CD two, “The Saduk” - What do nearly all instrumental virtuoso do? Running headlong into limitations, they make significant changes to their instruments or in some cases make a new one entirely. I love the saxophone deeply, but it has some inherent constraints. It is a ‘heavy’ instrument, laden down with many large keys; you need a lot of breath to vibrate its elongated conical metal tube. Often longing for a more tender palette of expression than the saxophone would allow, – I developed flute envy. My solution was to create the saduk, the simple open-holed flute/reed hybrid featured on these tracks. Inspired in equal measure by an inner sound – one that I have ‘felt’ as much as ‘heard’ throughout my life – and the primal, tender wind instruments found in most world traditions, this recording marries a prenatally familiar wind expression with voice, percussion, saxophone and other acoustic sounds.
For the third CD, “The Abandoned Orchestra”, I did not throw in everything but the kitchen sink; I did, however, use enough plumbing materials – making new wind instruments – to fix that sink quite a few times over. Along with the saxophone and saduk I created the sadukini (a conically functioning saduk, similar to ‘world oboes’ like the nadaswaram, shenai, or zurna), the tridoulaphone (another flute/reed hybrid heard here in soprano, alto, and tenor registers), and a reeded slide trumpet.
“The Abandoned Orchestra” continues with my solitary, unassisted practice of composing, performing and recording. I have been contemplating the two senses of abandonment: to be abandoned is to be either forsaken or unrestrained – but isolation and desertion may lead to autonomy and liberty. In this self-layered orchestra, I have explored my own diverse pre- and post-ethnic sound world... -Alexander Berne, 2010
His pristine tone and seemingly limitless technique serve consistently to transport the listener to a higher realm of consciousness.

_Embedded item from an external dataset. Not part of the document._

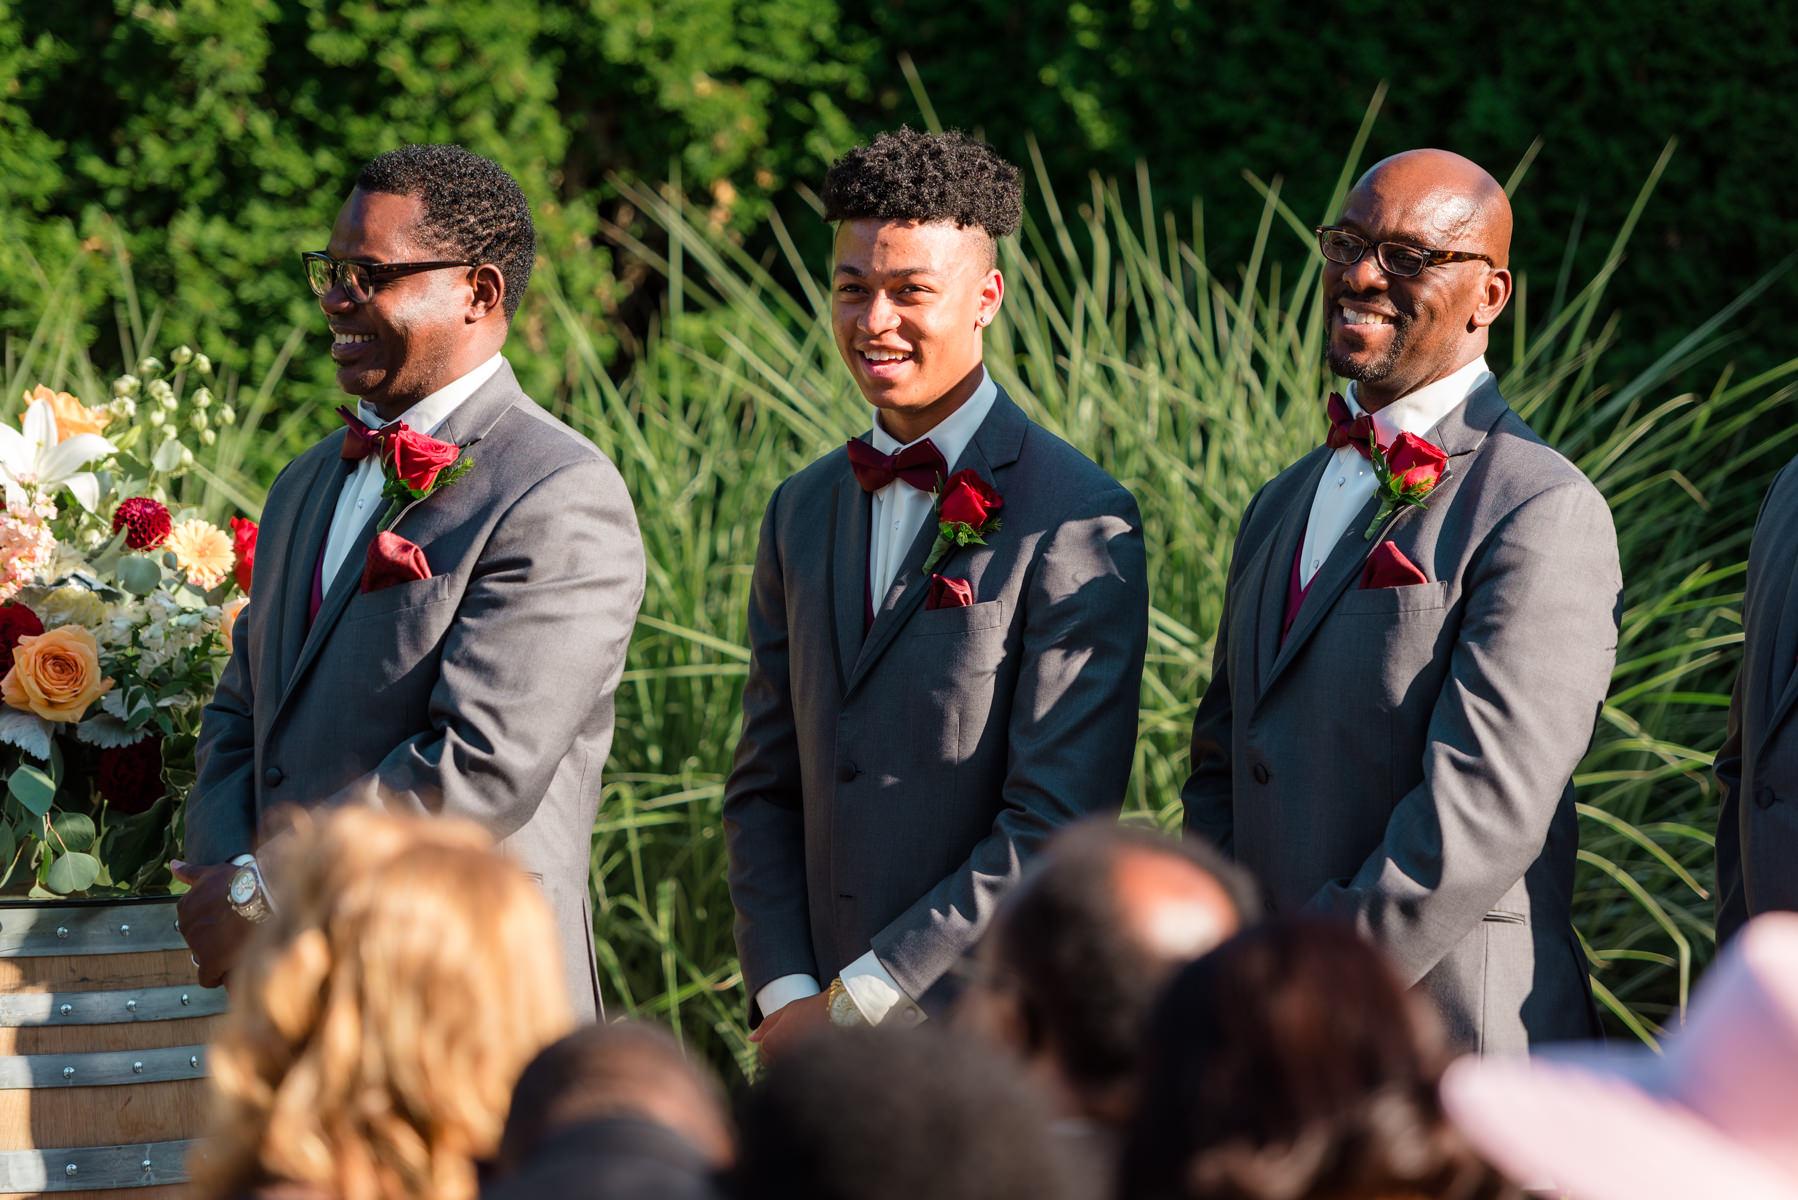 Andrew Tat - Documentary Wedding Photography - Columbia Winery - Woodinville, Washington -Patricia & Teffin - 13.jpg

From the sensuous arc of that first endless phrase to the rotating figures that weave in and out like strings of pinwheels and atomic formations suspended in a world of dark beauty and scintillating lights... An otherworldly eternal call, stories of devotion and love...flocks of birds, flocks of people, praises and lamentations, ghostly voices of ancestors… A universal and timeless choir of mankind… Cavernous Tibetan temples, intense ritualistic practices… rapturous harmony embracing all elements past… invites you for a breathless swim in Alexander Berne’s cosmic ocean of sound.
- A Listener
He is one of the truly unique voices of his generation. Combining a deeply embedded lyricism with a spiritual sensibility and a superlative technique, Alexander Berne has arrived at a musical style that is utterly sui generis. His musical excursions, characterized by wave upon floating wave of sound, defy easy comparison, bearing more in common with abstract painters such as Rothko and Pollack than with other musical forms…His intricately embroidered tones, ethnically-flavored melodies and polyphonic cascades of notes combine to form a sound-world both meditative and charged, both striving and serene…Alexander Berne is a musician for the global village of our time, as he is a musician for all time. A master of his craft…and a forward-thinking visionary dedicated to the pursuit of a truly individual sound, he is a breath of fresh air in a cultural moment where integrity has lost its value, a moment where market success is prized far above the quest for musical and spiritual truth.
- Composer Patrick Zimmerli
Alex's music can be intense, hypnotic and driving, at other times meditative, reflective and deeply restful. Whatever you are feeling, you will find some of it in Alex's music.
- Bart Feller, Principal Flute, NYC Opera and NJSO
Alexander Berne's ambitious three-disc opus impresses ... for presenting polyphonic musical content that's so ravishing. His is truly a world music in that there's a primal and unadulterated quality to the material that would enable it to speak directly to any listener, regardless of ethnicity or geographic locale. Berne's that rare artist who can integrate lyricism, spirituality, and prodigious technical command into a single package, and his intricately woven lamentations constitute a potent sound-world that's regrettably too seldom encountered.
Berne's ambient solo atmospherics reach oceanic, continental, and yeah, cosmic reaches in this 3-CD set, the culmination of years of nuanced, dreamy studio labors. "Shores" [is] open ocean all the way, with nothing in view but Berne's deep-breathing, contemplative soprano. Each tone approaches, becomes the center of attention, and recedes to a distant vanishing point. It's a pelagic world with no edges, troubled only by fugitive ripples and currents, but that's not to say the trip is monotonous. Relax in the diving bell and a variety of life forms, voices and overtones drift by, wiggling their fins, whipping their tentacles or flashing with bioluminescence until they vanish into the glimmer. [On The Saduk,] choral and organ-like echoes bring out the saduk's prayerful sound. Here, the rising and falling tones suggest the slow release of ancient folk melodies, long compressed under the strata of centuries … The Abandoned Orchestra has a denser event horizon, with articulated beats and an overlay of aural glyphs that jump from the underlying watercolor wash, hinting of Arab bazaars, catacombs, sandstorms and circuits. If they're still making "east meets west" CDs 500 years from now, these are the sounds they will probably emit. I longed to listen to them while sipping the spiced neutron nectar we'll doubtless be living on by then, but for now, a cigar and a glass of Drambuie sufficed.